The Securities Appellate Tribunal (SAT) has dismissed an appeal by Linde India and upheld a July 2024 order by SEBI directing the company to aggregate all related-party transactions (RPTs) with a single related party in a financial year when determining materiality, and to conduct a valuation of business allocated under a joint venture (JV) agreement.
The order was passed on December 5 by a bench comprising Presiding Officer Justice PS Dinesh Kumar and technical members Meera Swarup and Dheeraj Bhatnagar.
While dismissing Linde India’s appeal, the bench said the company’s interpretation of the rules “absurd” and one that “defeats the entire purpose of the regulation.”
SAT also backed SEBI’s finding that the geographical and product allocation of businesses between Linde India and Praxair India amounted to a related-party transaction.
It said the agreement was a “clear-cut transfer of profit-making apparatus” including assets, liabilities, intangibles, order-books and future cash flows.
The background
Industrial gas maker Linde India is a subsidiary of Linde Plc.
In 2020, it had entered into a JV and shareholders’ agreement with Praxair India and Linde South Asia Services, following the global merger of Linde AG and Praxair.
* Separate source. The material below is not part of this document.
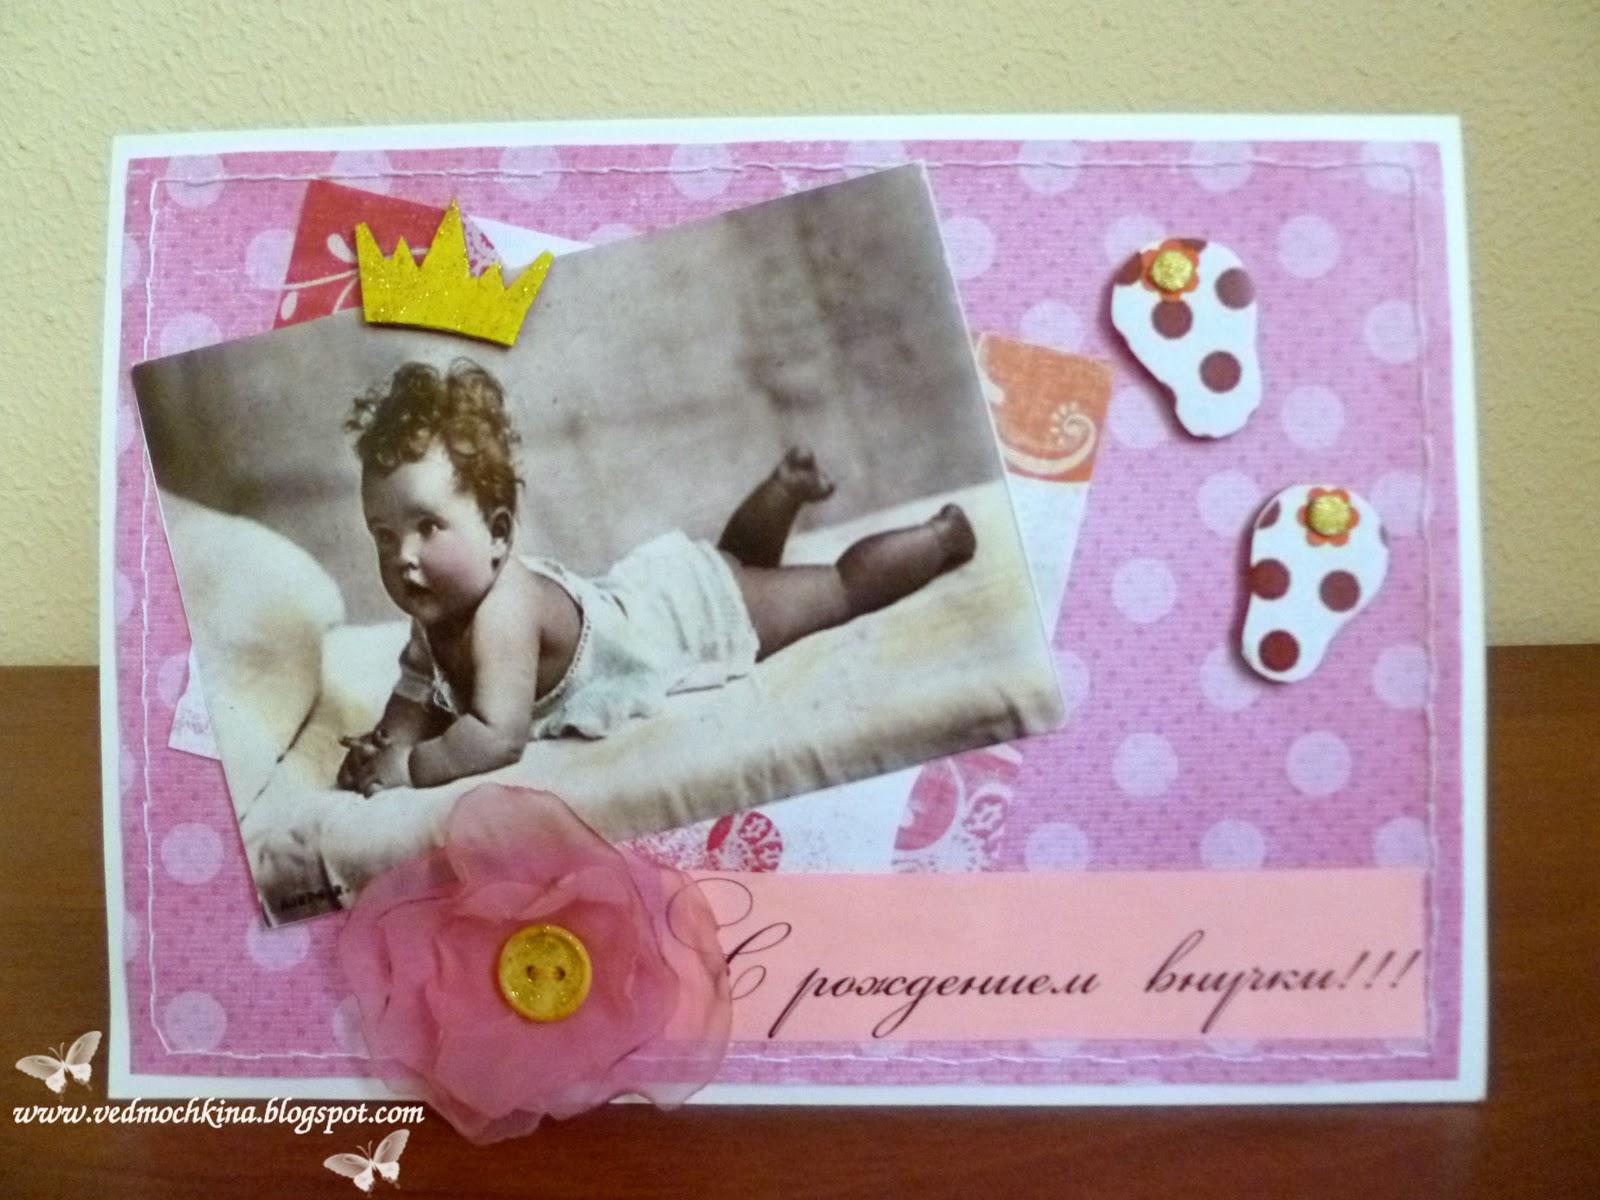 БАБУШКЕ - поздравления с днем рождения для бабушки - в 93

The agreement divided business territories, giving Linde India eastern, northern and western India, while Praxair India received southern and central regions, and several product lines, including CO₂ and HYCO.
In 2019, when Linde India had sought shareholder approval for all RPTs for 2021-23, it had said the aggregate transactions with Praxair India and the JV entity could cross SEBI’s materiality thresholds.
Public shareholders rejected the proposal, after which the company took the view—based on legal advice—that only transactions within a single contract needed to be aggregated. Investor complaints triggered SEBI investigation and the subsequent order.